Через несколько дней маршевые роты курсантов Краснохолмского военного пехотного училища стройно шагали на станцию. Над глубокими и чистыми январскими снегами гремела призывная грозная песня:
Вставай, страна огромная,
Вставай на смертный бой
С фашистской силой темною,
С проклятою ордой.
В звонких голосах запевал слышался и голос Матросова:
Пусть ярость благородная
Вскипает, как волна.
Идет война народная,
Священная война.
Глава III
НА ФРОНТ!
ыстро мчится воинский эшелон. Играет баян, летит солдатская песня навстречу бескрайним заснеженным полям и лесам, деревням и селам. Стремительно пролетает эшелон полустанки и станции, запруженные людьми, вагонами, машинами.
И солдату сдается, будто все раздвигается перед ним, уступая дорогу.
Приглядишься – и видишь: спешат на запад, на фронт, груженые поезда, везут боеприпасы, продовольствие, одежду. На платформах, в чехлах под брезентами, как мамонты, опустили грозные хоботы орудия, танки. Дни и ночи поезда бегут на запад, на фронт.
В этом великом напряжении всей страны, в движении машин и людей – неукротимое стремление миллионов человеческих воль, спаянных и направленных к единой цели всеобъемляющим разумом партии.
Матросов задумчиво смотрит в окно, мысленно повторяя мудрые слова: «Великая энергия рождается для великой цели». Да, Родина, партия пробудили великую силу в народе и указали ему благороднейшую цель освобождения страны и всего мира от фашистского варварства. И поезда мчат фронту снаряды, одежду, хлеб – все, что сделали для победы натруженные руки советских людей.
На стыках рельсов стучат колеса. Тусклый свет пасмурного дня едва проникает сквозь обледенелые стекла. Уже перепеты все песни, угомонился вихрастый гармонист Пашка Костылев. Бойцы в полумраке с увлечением играют в шахматы, домино. Только Петр Антощенко, сидя у окна против Матросова, все еще тихо поет грустные украинские песни.

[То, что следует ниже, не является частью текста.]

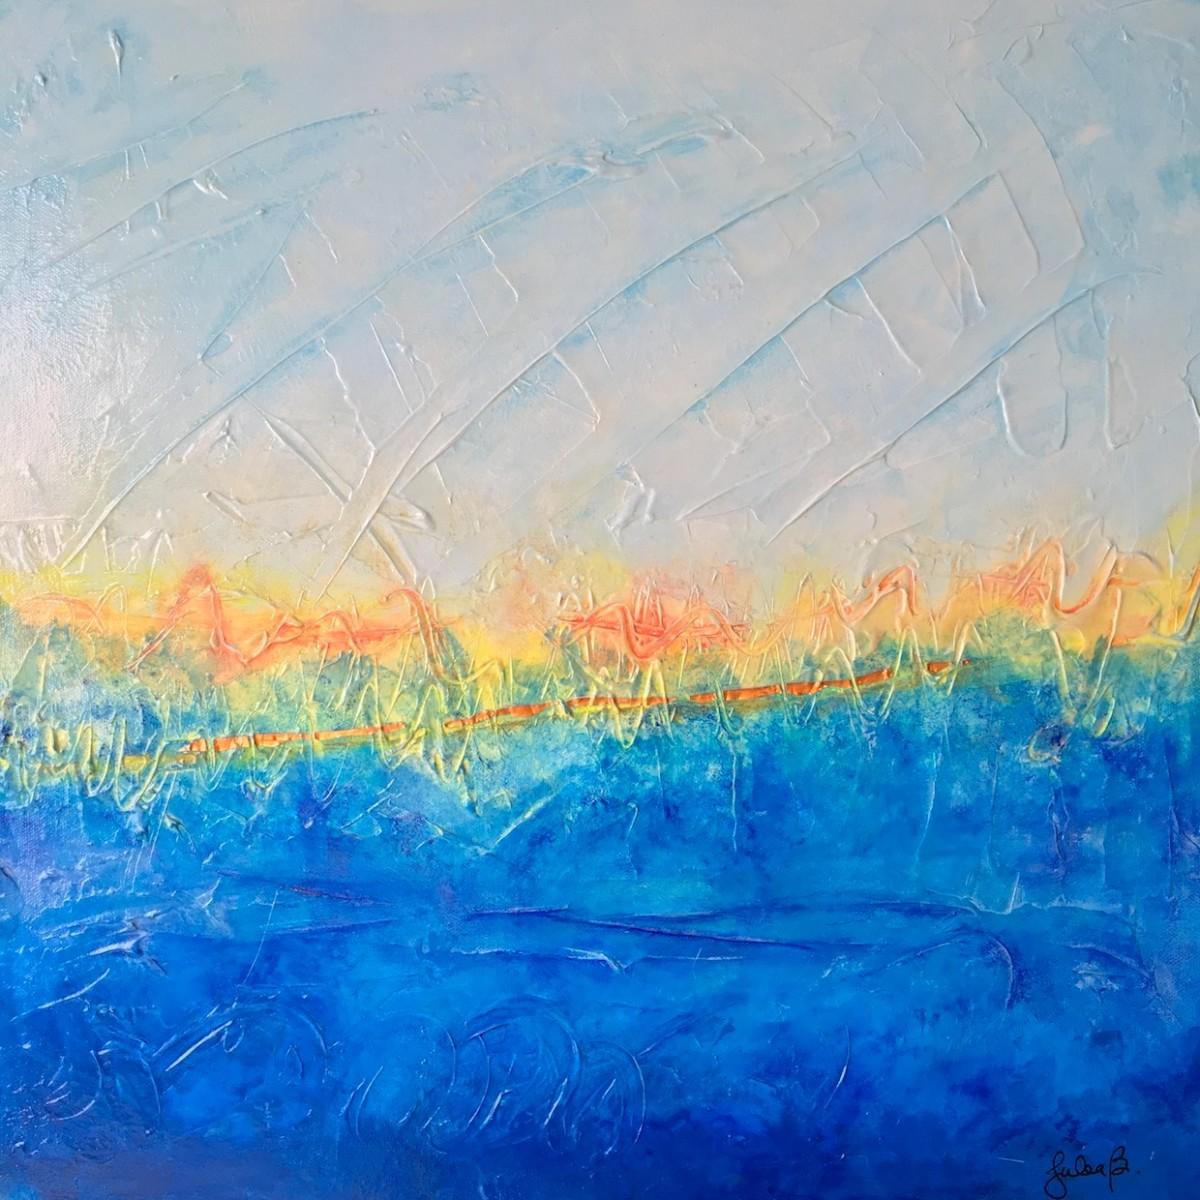 Midsummer by Julea Boswell
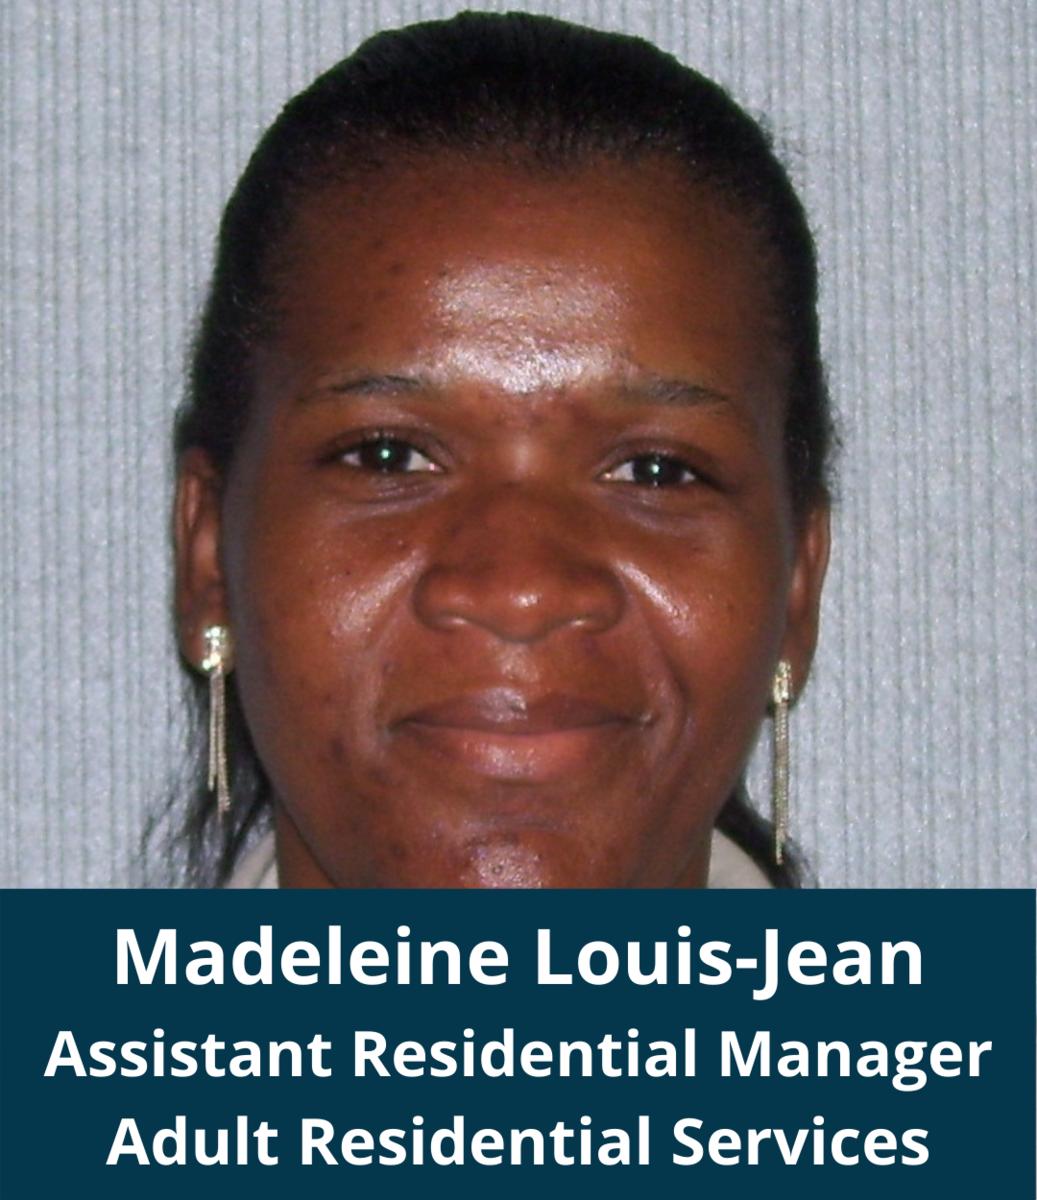 Madeleine Louis-Jean

Перед Матросовым – книга. Он уже прочел ее и теперь листает, просматривая особенно понравившиеся места, думает. Ему хочется поделиться своими мыслями с Антощенко, но, взглянув на него, Матросов невольно улыбается.
Петр, завороженно глядя куда-то вдаль и покачивая головой, шепчет:
Ой, сердце все лыне в той гай золотый,
Де Леся спивала про щастя и долю.
Ой, витре, мий брате, мий виснык крылатый,
Леты ж ты по морю, по чистому полю,
Скажи моий Леси, що вирно люблю.
Заметив, что Матросов внимательно слушает его, Петро замолк и опустил глаза.
– Чьи это стихи, Петро?
– Та ничьи.
– Как ничьи? Хорошие – и ничьи?
– Та не сердься, друже, мои вирши.
– Ох, Антошка, да ты поэт!
– Та не смийся… То я про Лесю нарочно так гладенько складаю слова, щоб их спивать можно было.
– Ну, еще читай!
– А ты, часом, не шуткуешь?
– Вот чудак! Да просто ж хорошо! Читай!
Антощенко читает стихи о Лесе. Глаза его влажнеют, блестят, губы по-детски вздрагивают. Кончив, он отвернулся.
– Ну, что ж ты, Петрусь? – участливо спросил Александр. – Такие хорошие стихи, а ты насупился!
– Знал бы ты, Сашко, як важко сердцу… – тихо говорит Антощенко. – Чую, фашист-зверюга издевается над Лесей, над семьей моей… А може, и замучили уже, а я тут вирши складаю.
Матросов опускает глаза, думает. Какие найти слова, чтобы утешить друга?
Поезд подходит к большой станции, забитой эшелонами и людьми.
– Где чайник? За кипятком пойду.
– Не твой черед, Сашка, – мой, – говорит Костылев.
– Ничего. Доброе дело можно делать и вне очереди.
Матросов любит ходить на станцию: можно увидеть много незнакомых людей, узнать последнюю оперативную сводку, добыть газеты.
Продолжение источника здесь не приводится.